- The paper introduces a feature scattering-based adversarial training method that generates unsupervised, collaborative adversarial examples to overcome label leaking.
- The paper leverages optimal transport to maximize the feature matching distance between clean and perturbed samples within a bilevel optimization framework.
- Experimental results on CIFAR10, CIFAR100, and SVHN show significant improvements in adversarial robustness, with CIFAR10 accuracy increasing by 25.6% over previous methods.
Defense Against Adversarial Attacks Using Feature Scattering-based Adversarial Training
This paper presents an innovative feature scattering-based adversarial training method to enhance model robustness against adversarial attacks. Traditional adversarial training methods utilize a supervised scheme for generating adversarial samples, often encountering issues like label leaking. The proposed approach distinguishes itself by adopting an unsupervised methodology to generate adversarial images via feature scattering in the latent space, effectively circumventing the challenge of label leaking. Moreover, this approach emphasizes collaborative perturbation generation by considering inter-sample relationships, as opposed to treating each sample in isolation.
Main Contributions
The paper makes several contributions to improve adversarial training:
- Novel Approach: It introduces a feature-scattering technique for creating adversarial images in an unsupervised, collaborative fashion. This method diverges from the traditional minimax formulation common in adversarial training.
- Bilevel Optimization: The research explores an adversarial training formulation that fits within a broader category of bilevel optimization problems.

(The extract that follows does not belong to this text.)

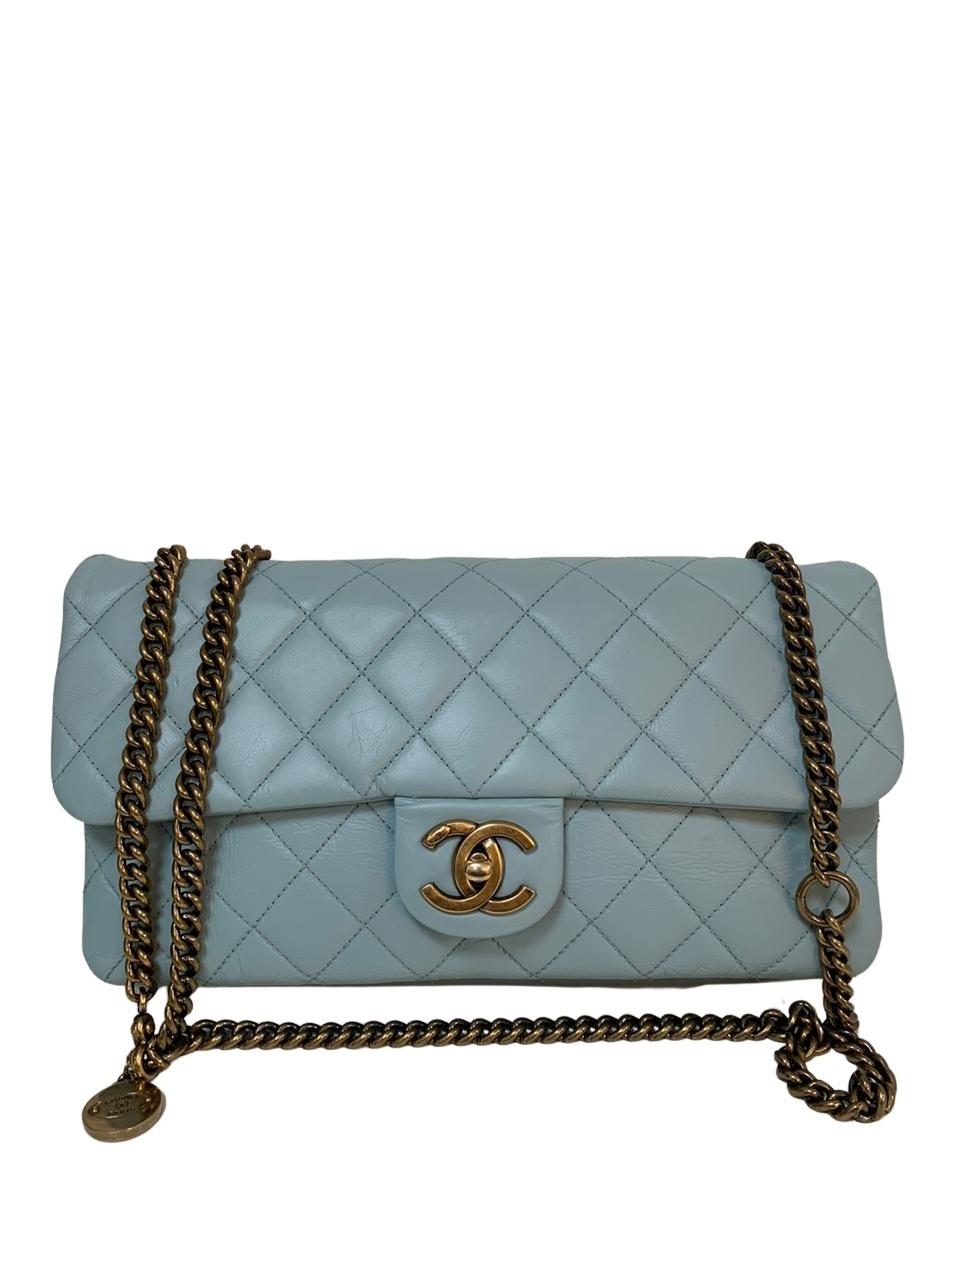 Bolsa Chanel Easy Flap Couro Lambskin Azul Bebê

- Robustness Analysis: Through extensive experimentation on various datasets, the paper analyzes the effectiveness of feature scattering in comparison to state-of-the-art adversarial training techniques.
Methodology
The feature scattering method relies on maximizing the feature matching distance between empirical distributions derived from clean and perturbed samples. The optimal transport (OT) distance serves as the metric for this comparison, leveraging ground features extracted from the data. This technique seeks to maintain the inter-sample structural integrity while generating adversarial perturbations, thus averting the pitfalls associated with label-guided adversarial examples that may deviate from the data manifold.
Experimental Results
The efficacy of the proposed approach is validated on benchmark datasets such as CIFAR10, CIFAR100, and SVHN:
- On CIFAR10, the proposed method achieves a significant accuracy of 70.5% under a standard 20-step PGD attack, outperforming prior methods by notable margins (e.g., improving over the Madry method by 25.6%).
- Experiments on CIFAR100 and SVHN further consolidate the robustness of the proposed approach, demonstrating substantial improvements in adversarial accuracy against white-box attacks compared to existing models.
Implications and Future Directions
The implications of this research are two-fold. Practically, the feature scattering method facilitates the training of models that are inherently more robust to adversarial attacks without incurring the time and computational resource penalties associated with traditional adversarial training iterations. Theoretically, it opens avenues for leveraging inter-sample features more effectively, encouraging exploration in collaborative perturbation techniques across machine learning domains.
Future research can further refine this unsupervised adversarial sample generation approach, potentially integrating other structural learning paradigms and exploring its applications in various domains beyond image classification, such as object detection and natural language processing. Additionally, investigating the theoretical bounds of adversarial robustness achievable through such collaborative methods can yield deeper insights into the limitations and capabilities of current adversarial defense strategies.